### Material provided
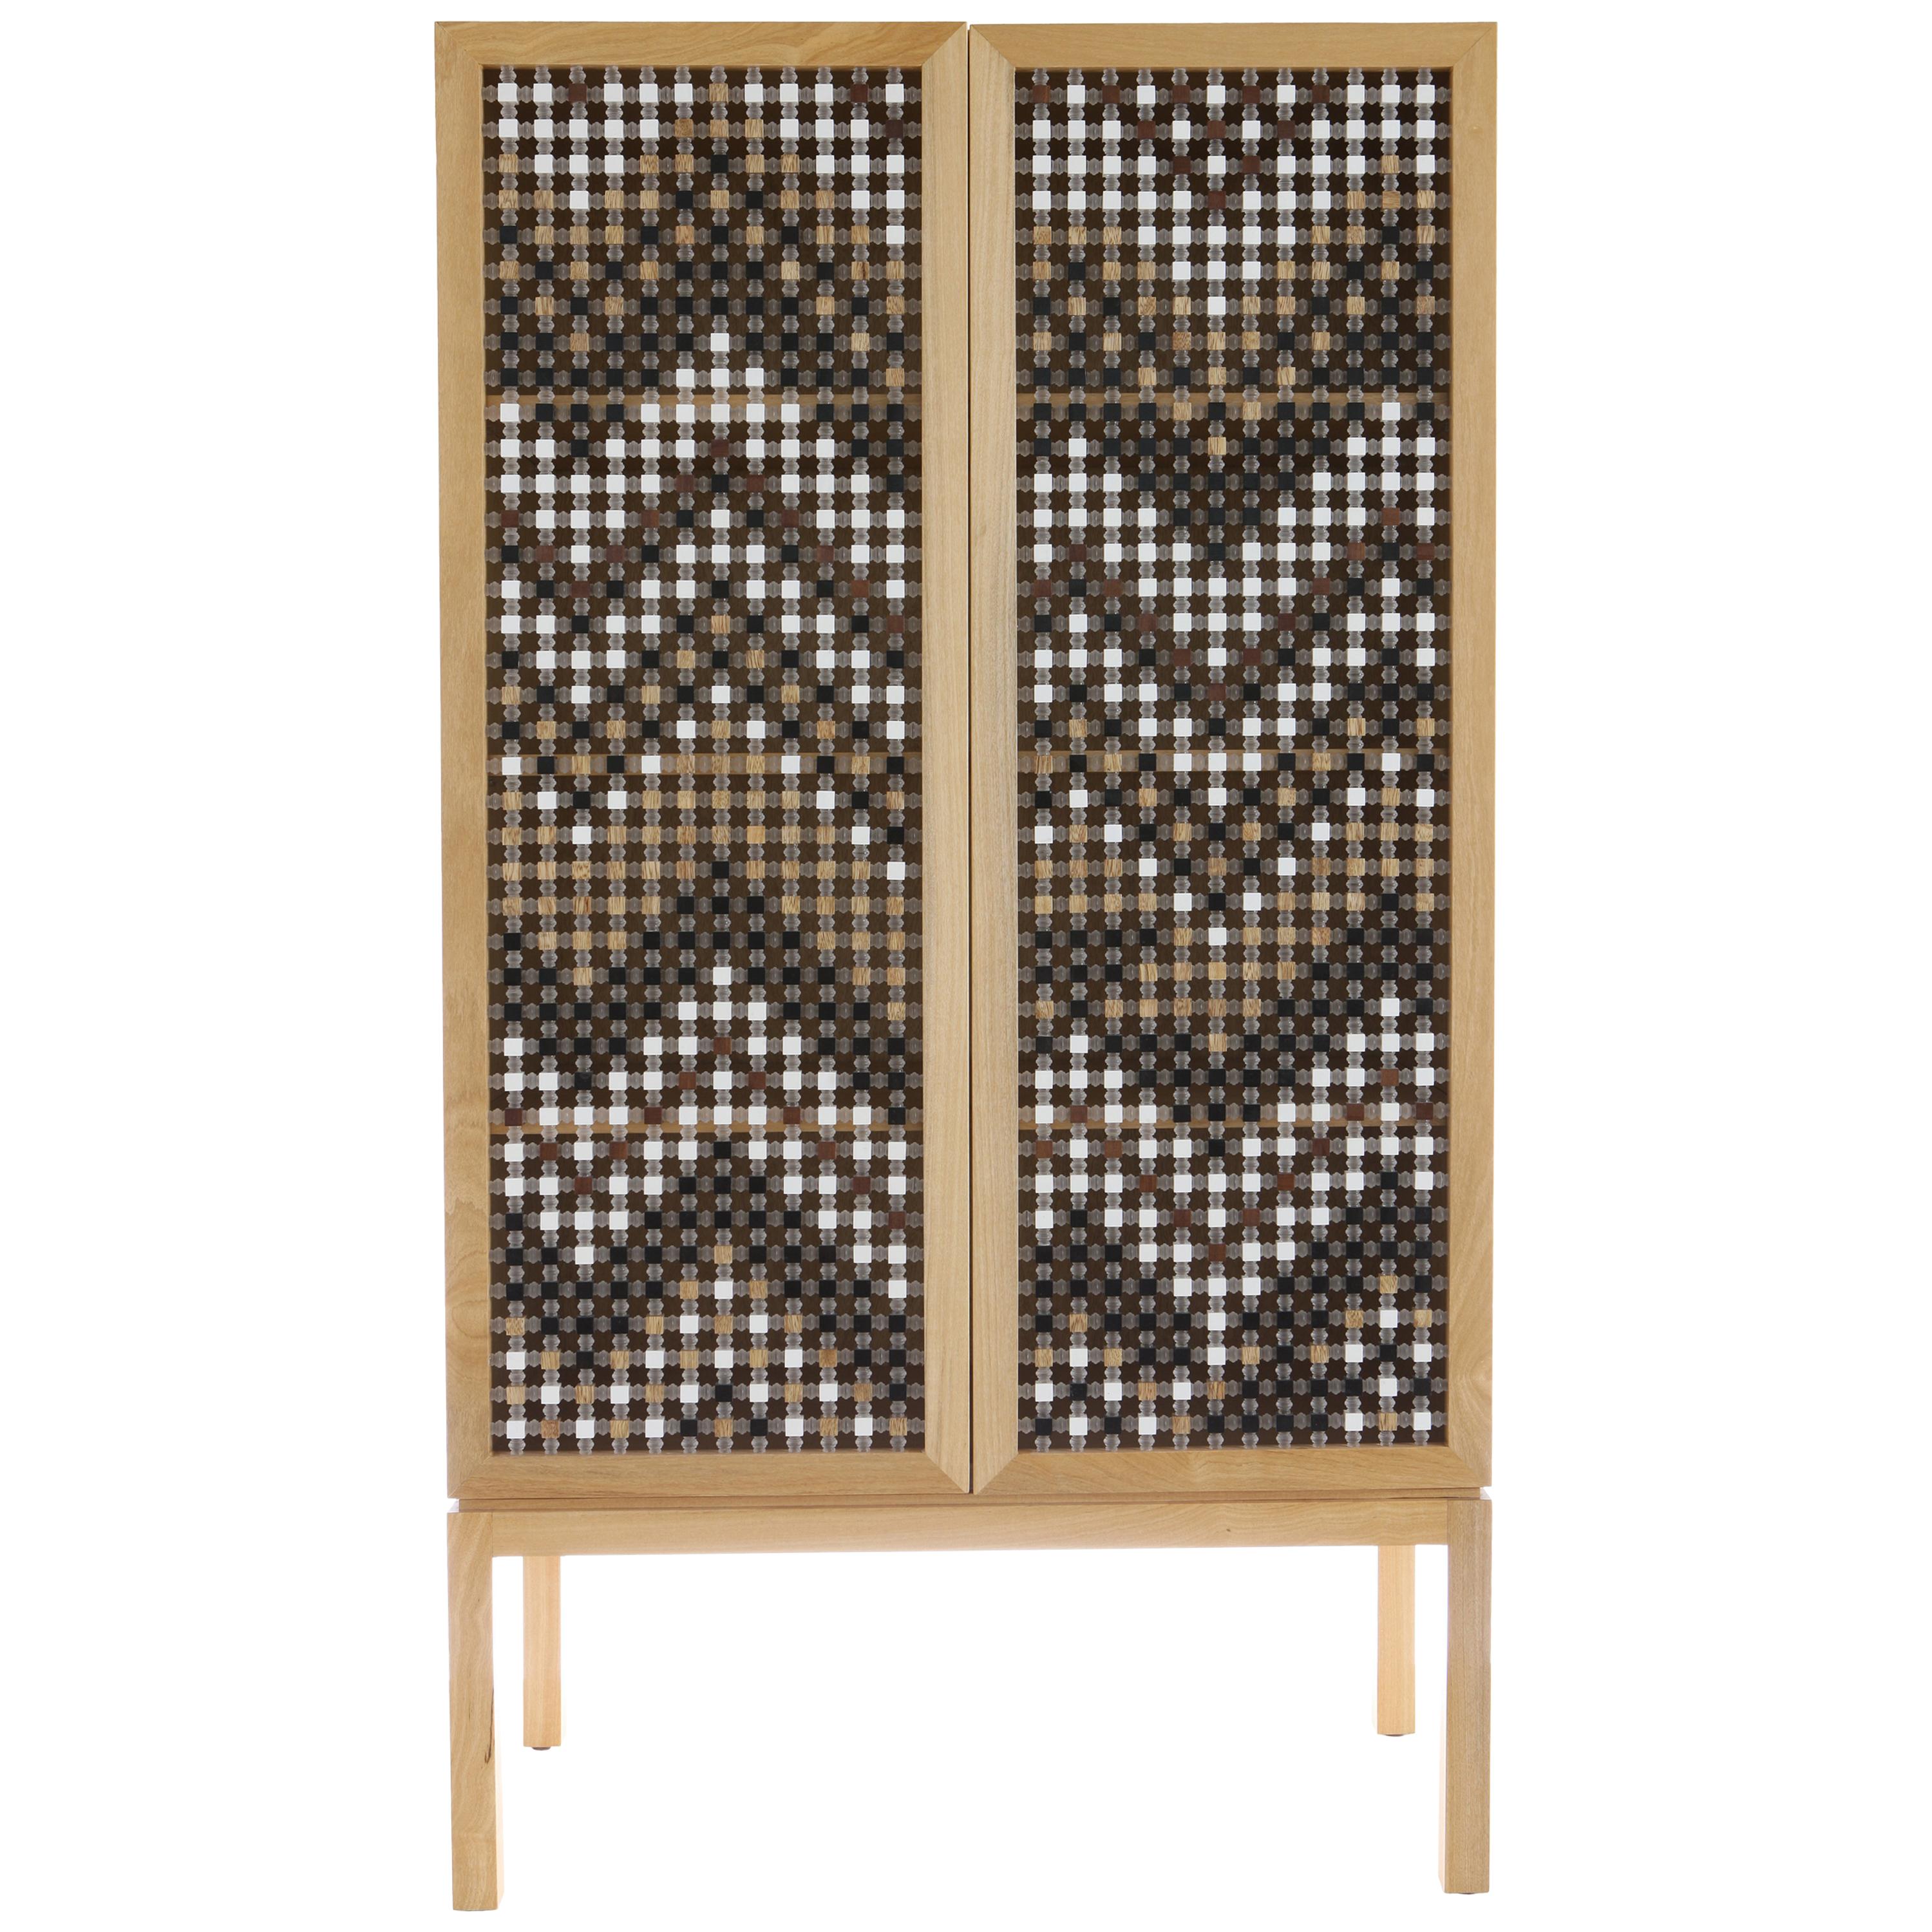 Ali Baba - Cabinet inspired by the Mousharabiyeh doors - Middle Eastern For Sale
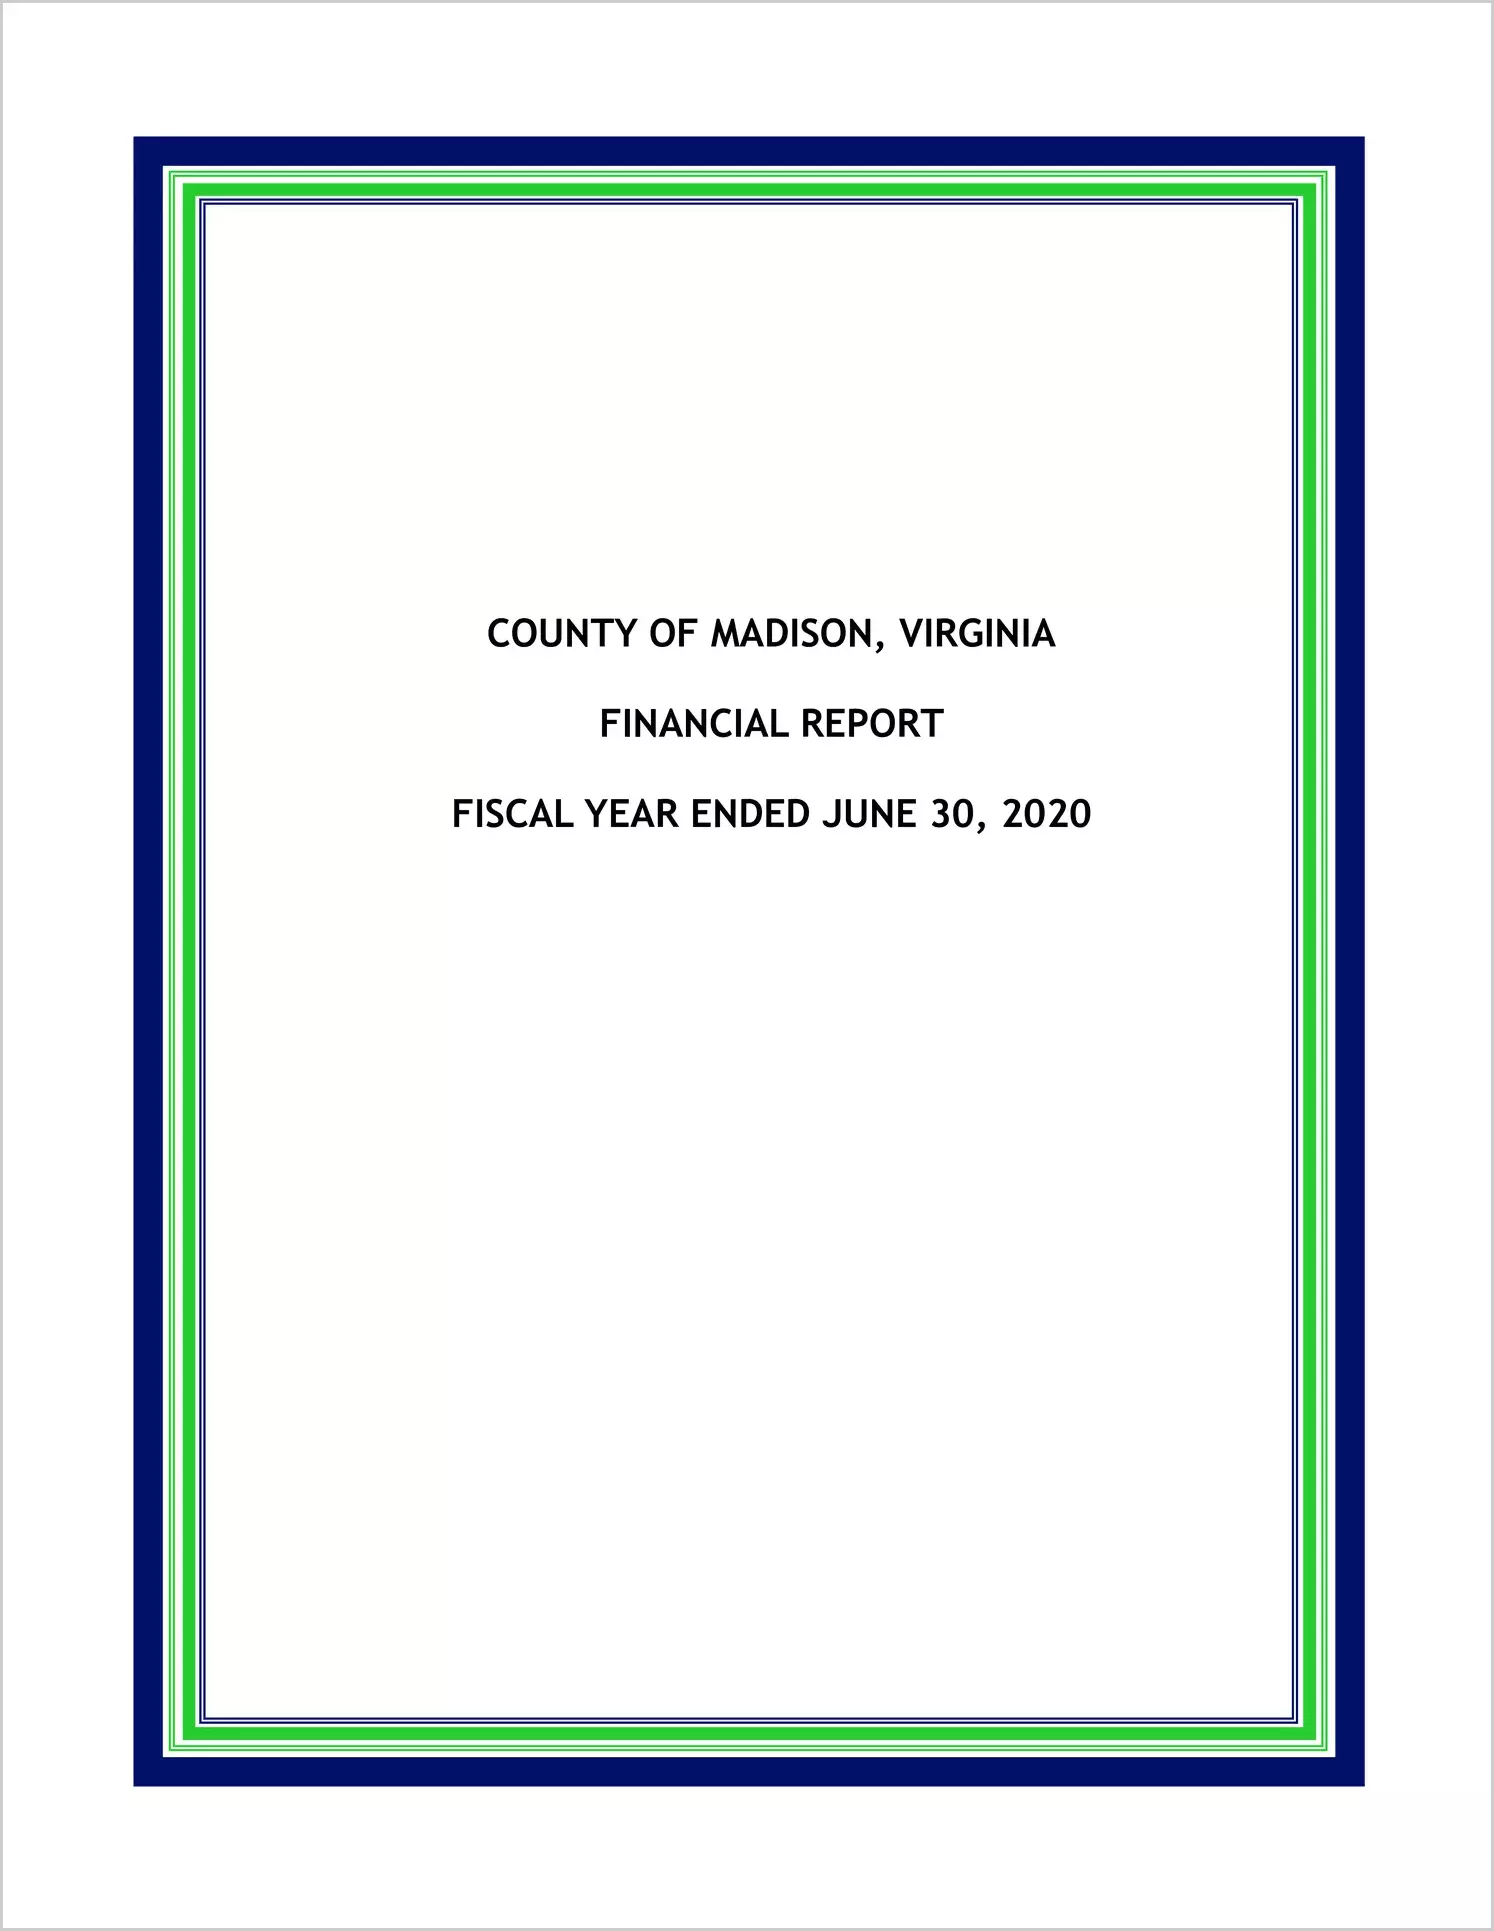 2020 Annual Financial Report for County of Madison
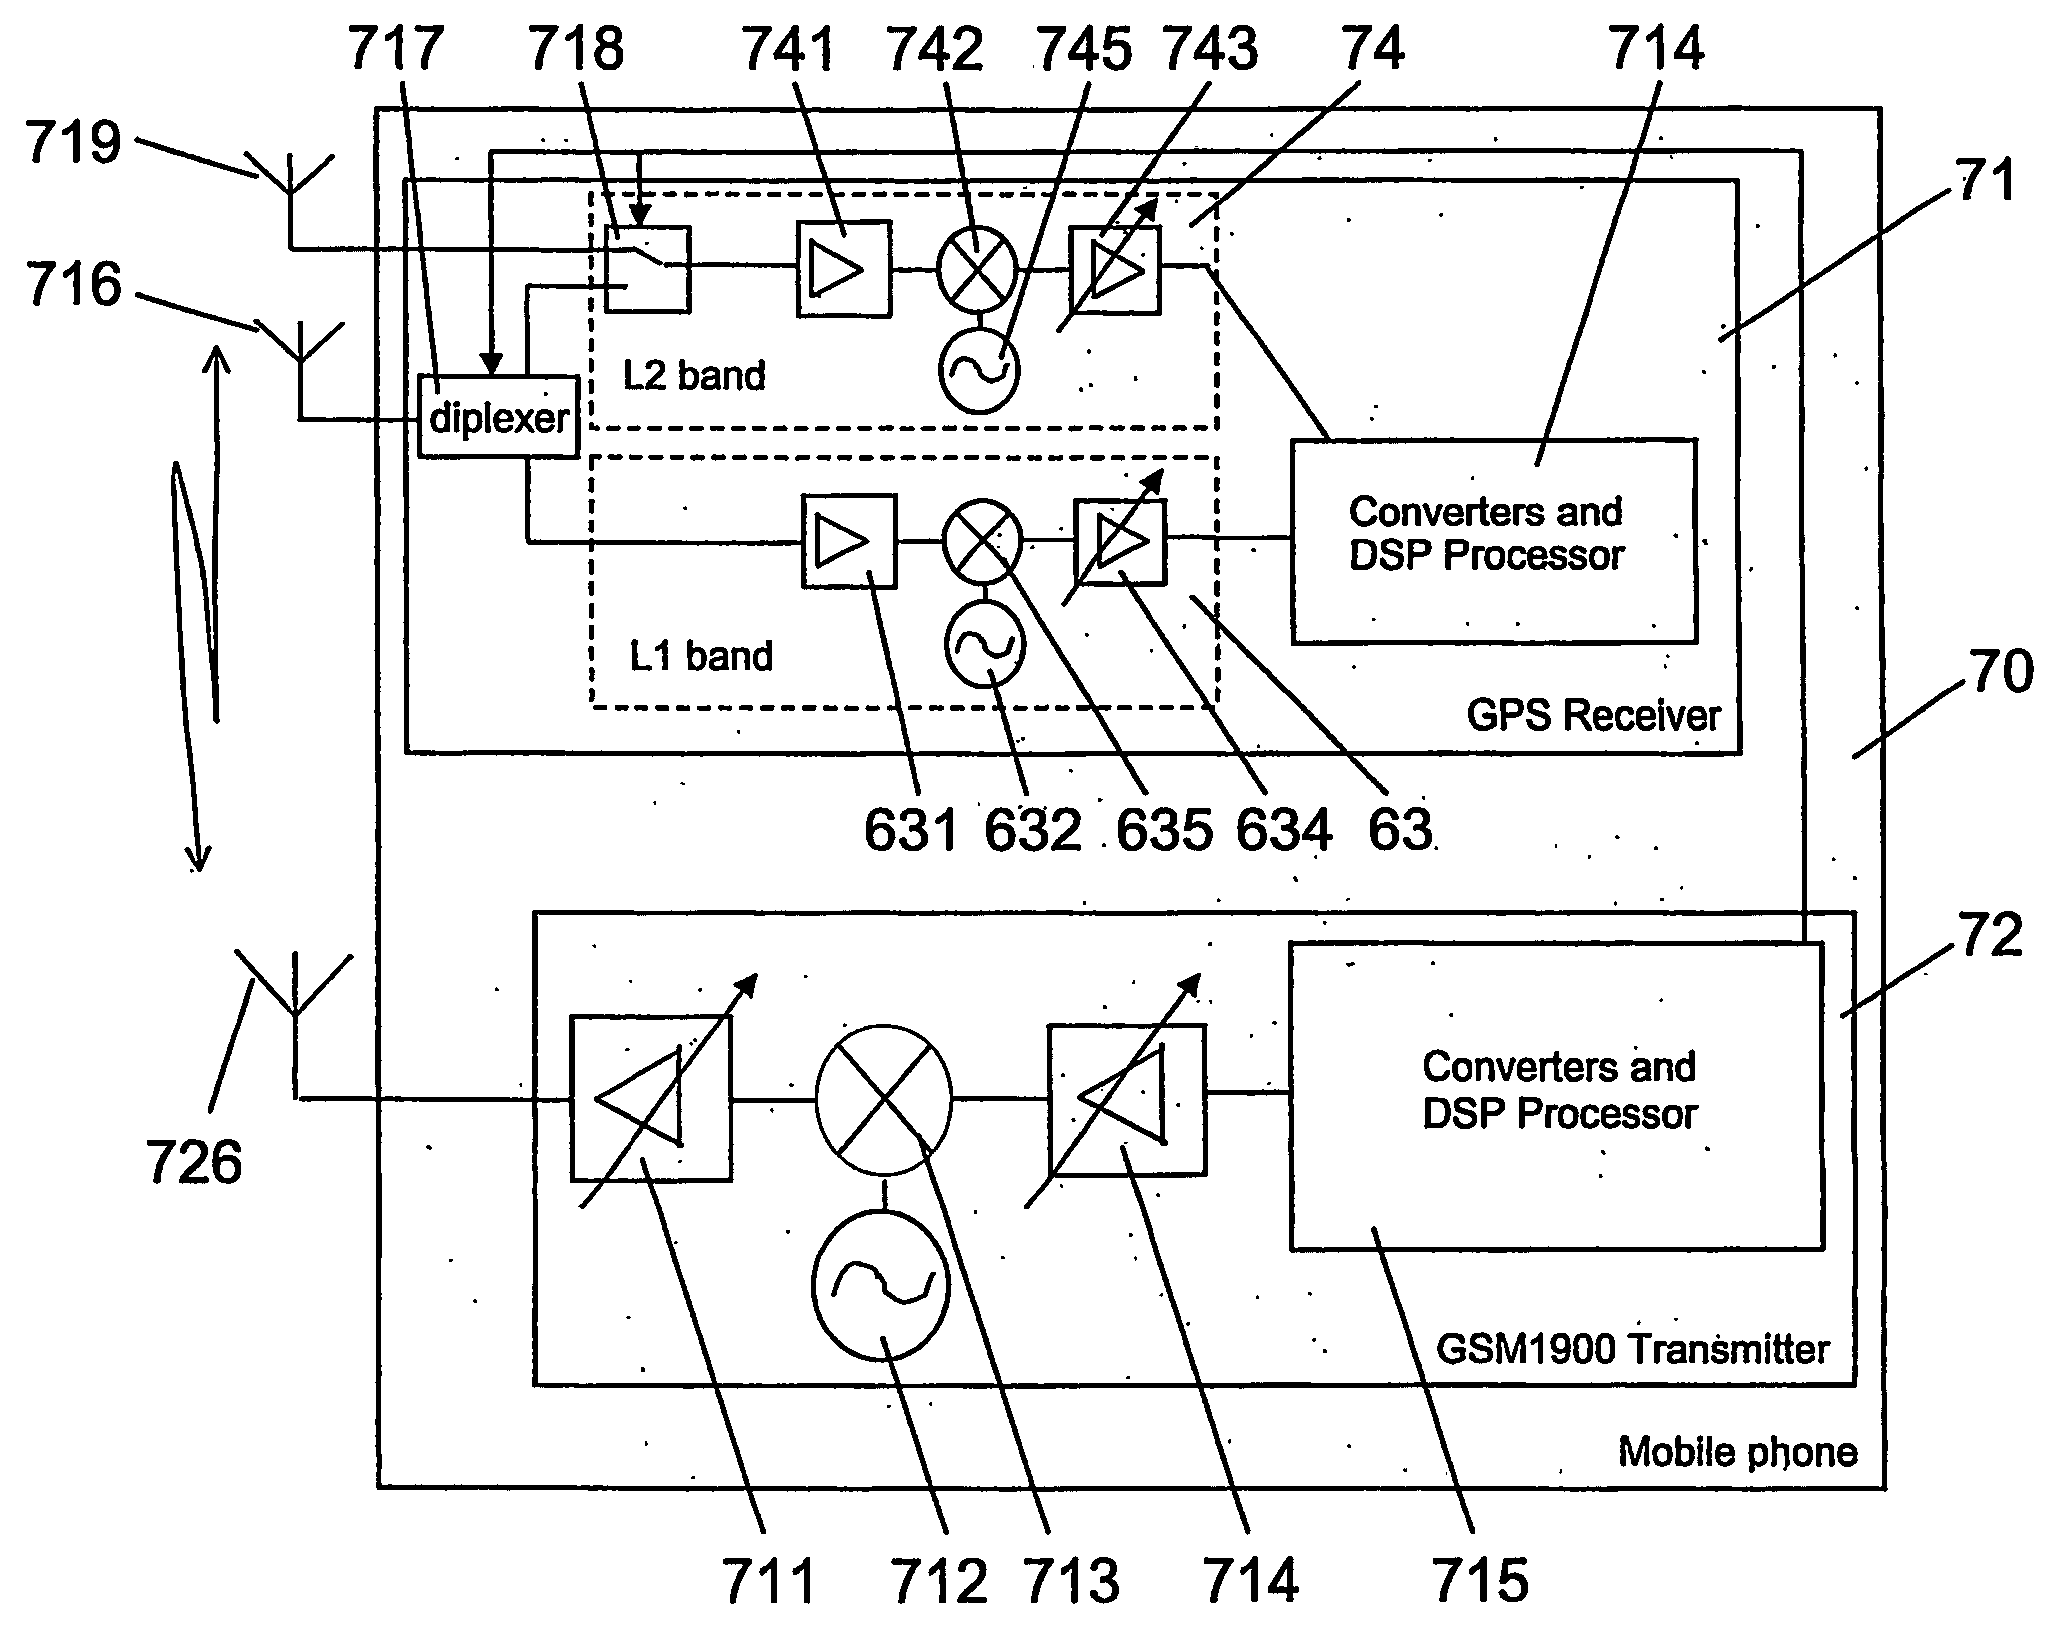 Performance of a receiver in interfering conditions

### Your assignment
Restate the data word for word while omitting each picture.

### Solved problem
 Ali Baba - Cabinet inspired by the Mousharabiyeh doors - Middle Eastern For Sale
 2020 Annual Financial Report for County of Madison
 Performance of a receiver in interfering conditions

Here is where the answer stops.